The contribution from the surface must decrease, while the contribution from the top layer must increase.
When we add absorbers, the average level of emission goes up!
We now define a very important quantity:
In this model, only the longwave flux can change, so we define the radiative forcing as
$$ R = - \Delta OLR $$(with the minus sign so that $R$ is positive when the climate system is gaining extra energy).
We just worked out that whenever we add some extra absorbers, the emissions to space (on average) will originate from higher levels in the atmosphere.
What does this mean for OLR? Will it increase or decrease?
To get the answer, we just have to sum up the three contributions we wrote above:
Is this a positive or negative number? The key point is this:
It depends on the temperatures, i.e. on the lapse rate.

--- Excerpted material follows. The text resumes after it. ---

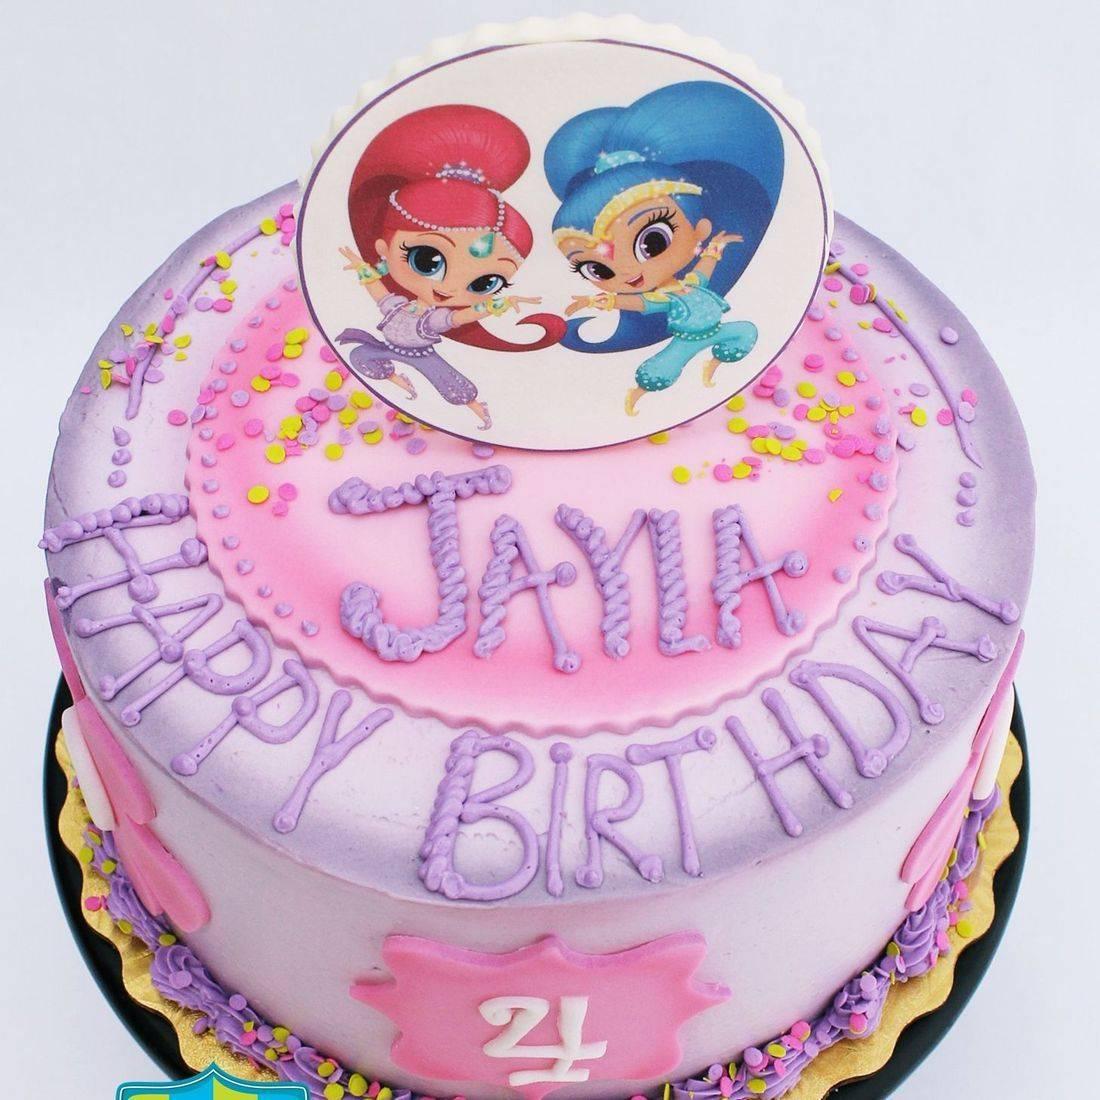 Girly stylized cakes milwaukeeRetirement Fishing Cake
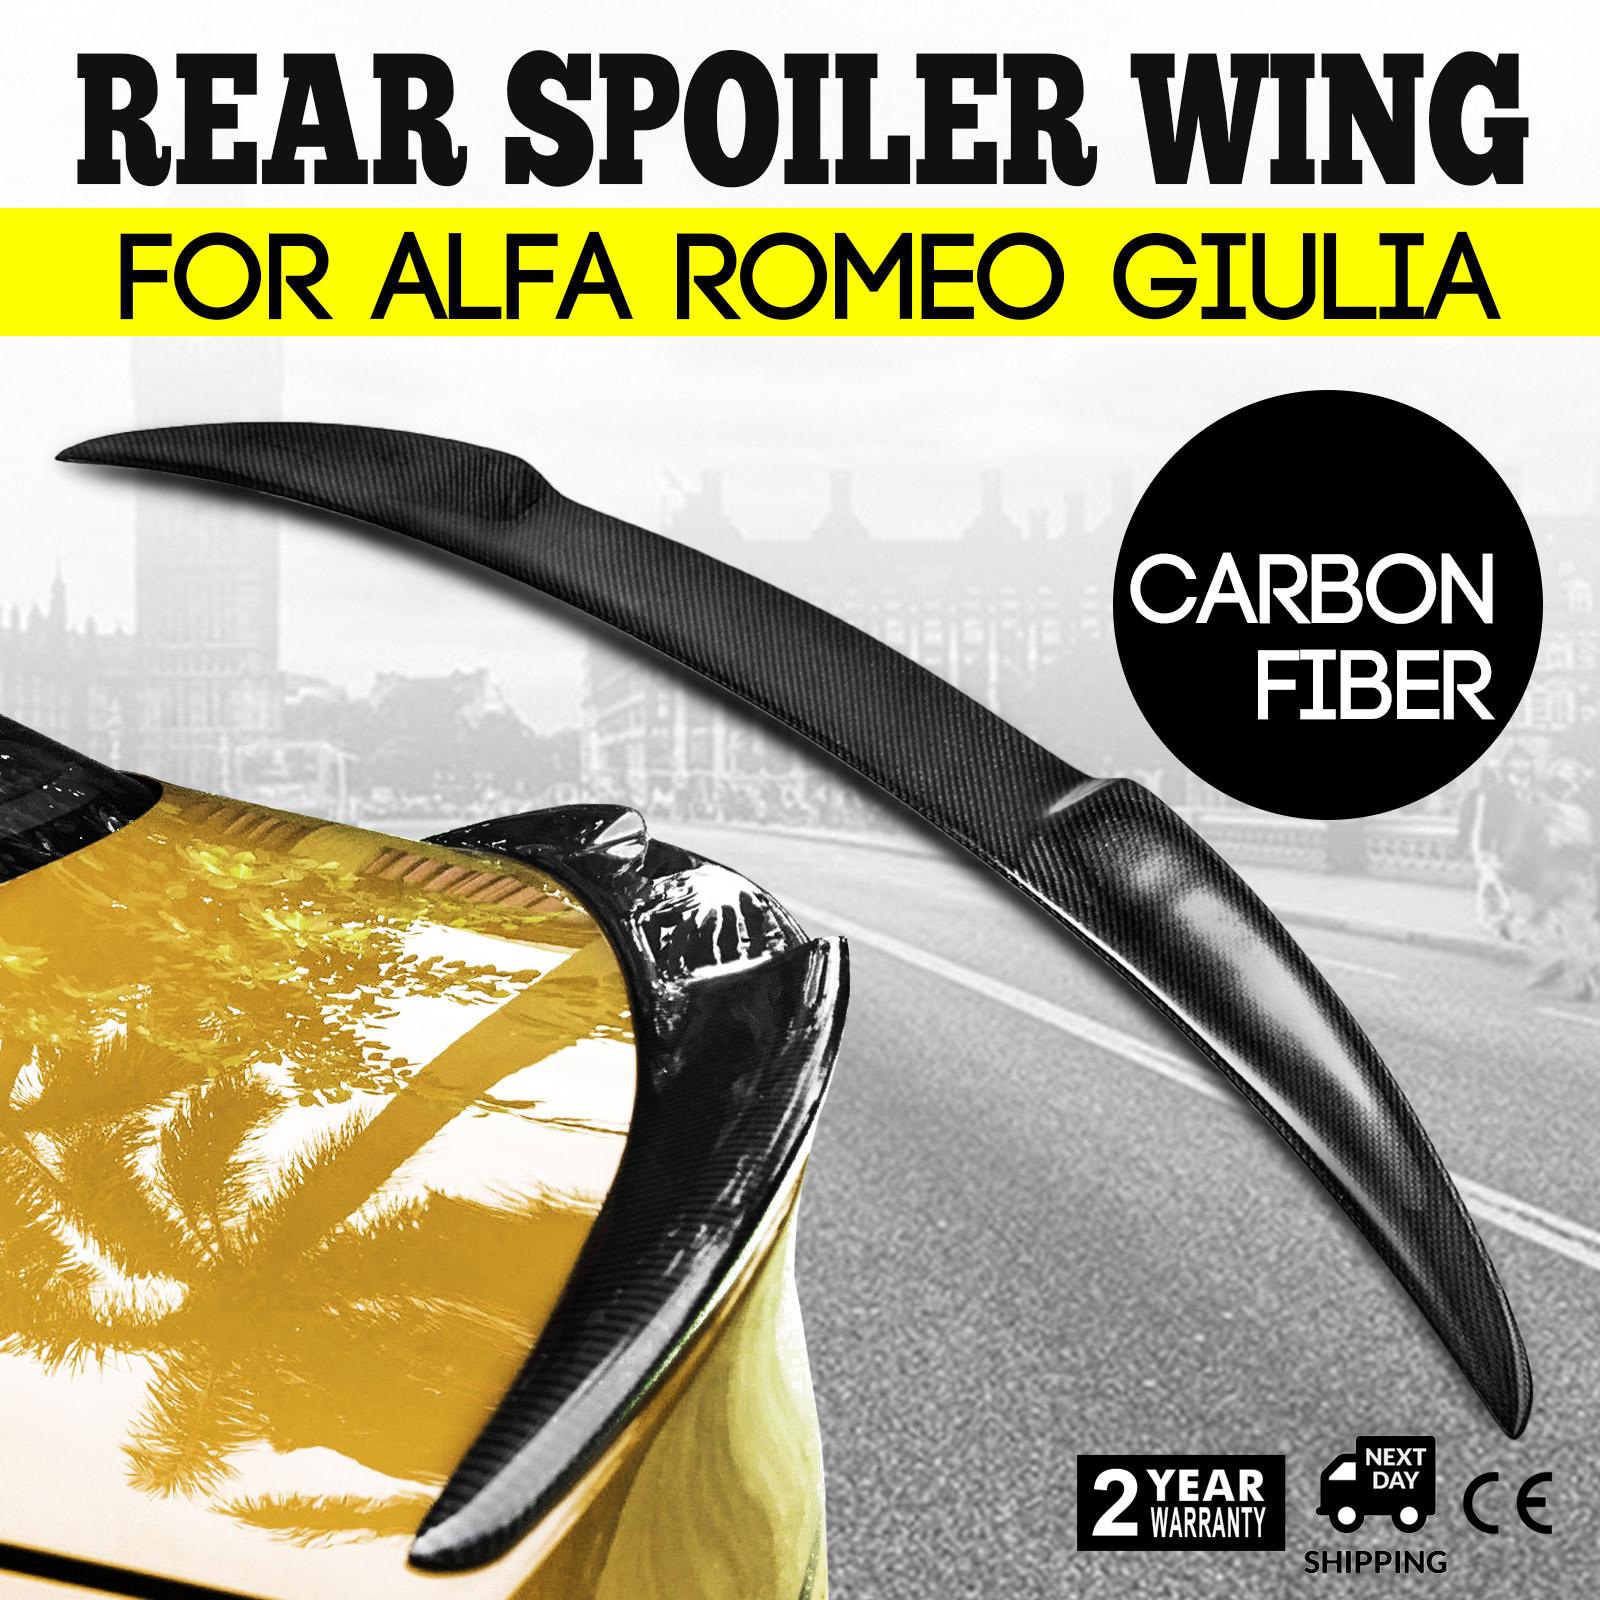 For Alfa Romeo Giulia Quadrifoglio Verde Qv Style Carbon Fiber Rear

Stop and think about this question:
If the surface and atmosphere are all at the same temperature, does the OLR go up or down when $\epsilon$ increases (i.e. we add more absorbers)?
Understanding this question is key to understanding how the greenhouse effect works.
We will just set $T_s = T_0 = T_1$ in the above expression for the radiative forcing.
What do you get?
For an isothermal atmosphere, there is no change in OLR when we add extra greenhouse absorbers. Hence, no radiative forcing and no greenhouse effect.
Why?
The level of emission still must go up. But since the temperature at the upper level is the same as everywhere else, the emissions are exactly the same.
For a more realistic example of radiative forcing due to an increase in greenhouse absorbers, we our observed temperatures and the tuned value for $\epsilon$.
We'll express the answer in W m$^{-2}$ for a 2% increase in $\epsilon$:
$$ \Delta \epsilon = 0.02 \times 0.58 $$epsilon = 0.58
delta_epsilon = 0.02 * epsilon
delta_epsilon
0.0116
Calculate the three components of the radiative forcing:
sigma = 5.67E-8
Ts = 288.
T0 = 275.
T1 = 230.
# Component originating from the surface
Rs = -delta_epsilon * (-2*(1-epsilon)*sigma * Ts**4)
Rs
3.800933621091533
# Component originating from level 0
R0 = -delta_epsilon * (1-2*epsilon) * sigma * T0**4
R0
0.6018549074999996
# Component originating from level 1
R1 = -delta_epsilon * sigma * T1**4
R1
-1.8405702252
So just add them up to get the total radiative forcing:
R = Rs + R0 + R1
R
2.5622183033915324
So in our example, the OLR decreases by 2.6 W m$^{-2}$, or equivalently, the radiative forcing is +2.6 W m$^{-2}$.
What we have just calculated is this:
Given the observed lapse rates, a small increase in absorbers will cause a small decrease in OLR.
The greenhouse effect thus gets stronger, and energy will begin to accumulate in the system -- which will eventually cause temperatures to increase as the system adjusts to a new equilibrium.